Сердце летчика не бьется (страница 5)

Страница 5

Надя прижалась теснее. Ее волосы щекотали мне лицо. Я зарылся в них, принюхался. Рыжие, непокорные, они пахли молодым, норовистым животным. Кобылка. Самая настоящая. Крепкая, ладная. И все у нее прикручено, приверчено правильно. Будто придумана Всевышним, или скорее Лукавым, исключительно для моего наслаждения. Я жарко поцеловал ее в висок. Надя подняла голову, взглянула хитро – знает, что своей близостью неизменно меня волнует. И вдруг ловкими пальцами расстегнула на мне китель, рубашку и, быстро распахнув свою дубленку и блузку, прижалась голой грудью к моему животу. Обожгло как огнем. Я вздрогнул, посмотрел по сторонам. Но никому до нас не было дела. «И даже белье успела скинуть в отеле. Вот оторва, – поразился я. – Марусе бы никогда не пришло такое в голову».

– А теперь неровно, – засмеялась Надя. – Мотор неисправен.
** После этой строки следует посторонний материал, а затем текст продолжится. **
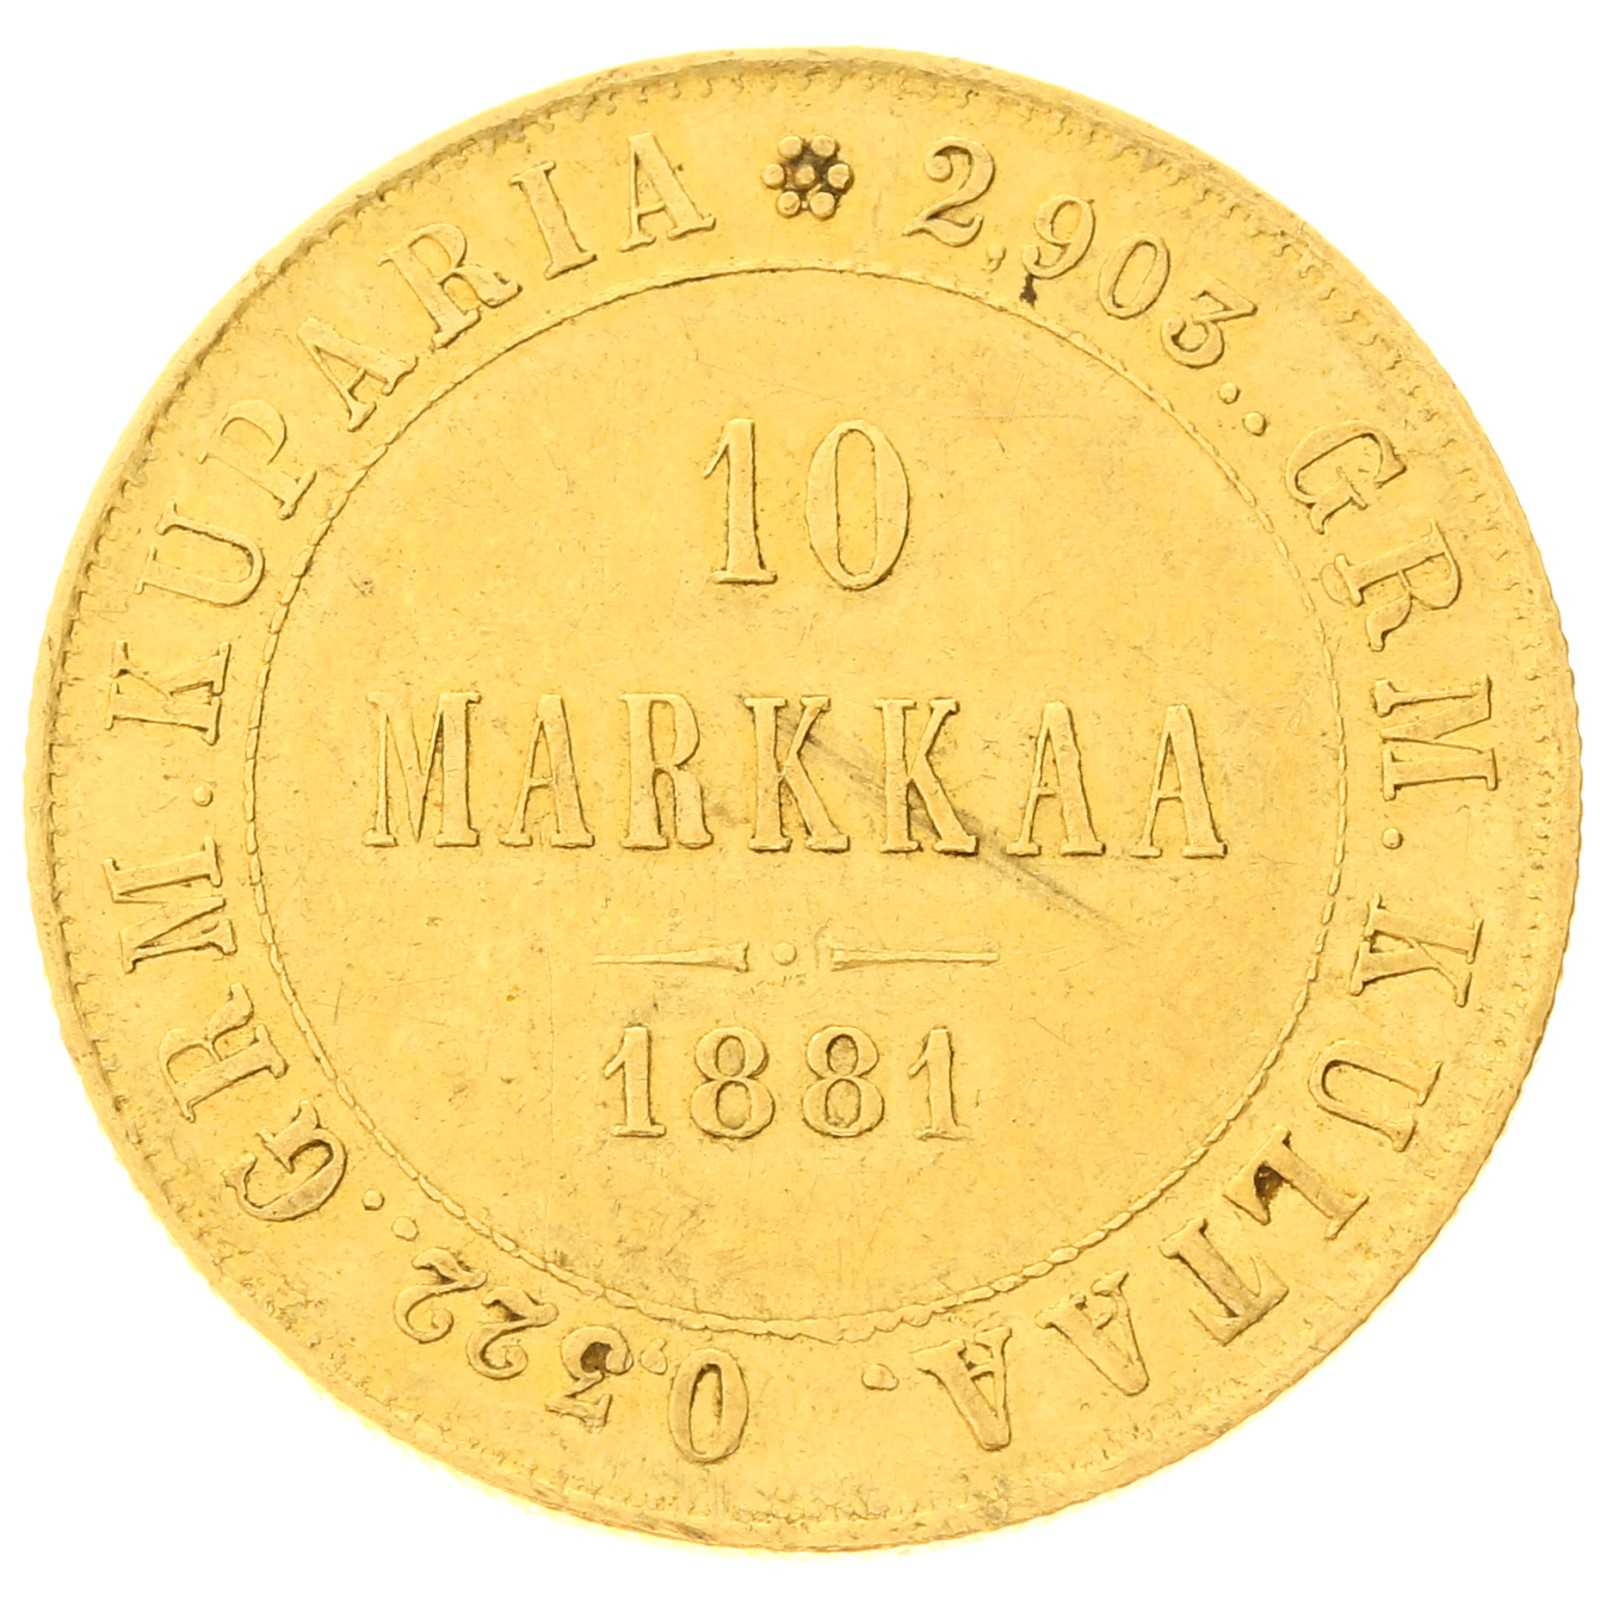 Finland - 10 markkaa - 1881 - Alexander III

Мы стояли обнявшись. Снег холодил мое запрокинутое лицо, а кожу пекло от прикосновения ее тела. Покореженный мотор стучал в груди, захлебываясь в перебоях.

– Пойдем? – Надя кивнула в сторону отеля. Губы у нее увлажнились, будто смазанные. Глаза мягко сияли. Вся как леденец, облитая блеском желания, она выглядела невероятно соблазнительно.

Я никогда не мог устоять, но сейчас вдруг мотнул головой. Идти никуда не хотелось. Стоять бы так вечно, недвижимо, ни о чем не думая. «Пора тебя, ветеран, списывать на дачу, морковку сажать», – снова подумал я Марусиными словами и усмехнулся.

Последнее время между мной и женой побежала трещина. Она и раньше была – тонкая, паучья, едва заметная, – но вот уже год, как трещина начала шириться. Маруся будто чувствовала, что телом я принадлежу другой женщине, и весь наш дом, уклад, дети, дача, на которой мечтал поселиться на пенсии, чтобы выращивать эту самую морковку, – все грозило сорваться в темноту. Да и сам я, разделенный на дух и материю, между небом и землей, между изматывающим телесным желанием к Наде и безмятежной любовью к Марусе, маялся неприкаянный.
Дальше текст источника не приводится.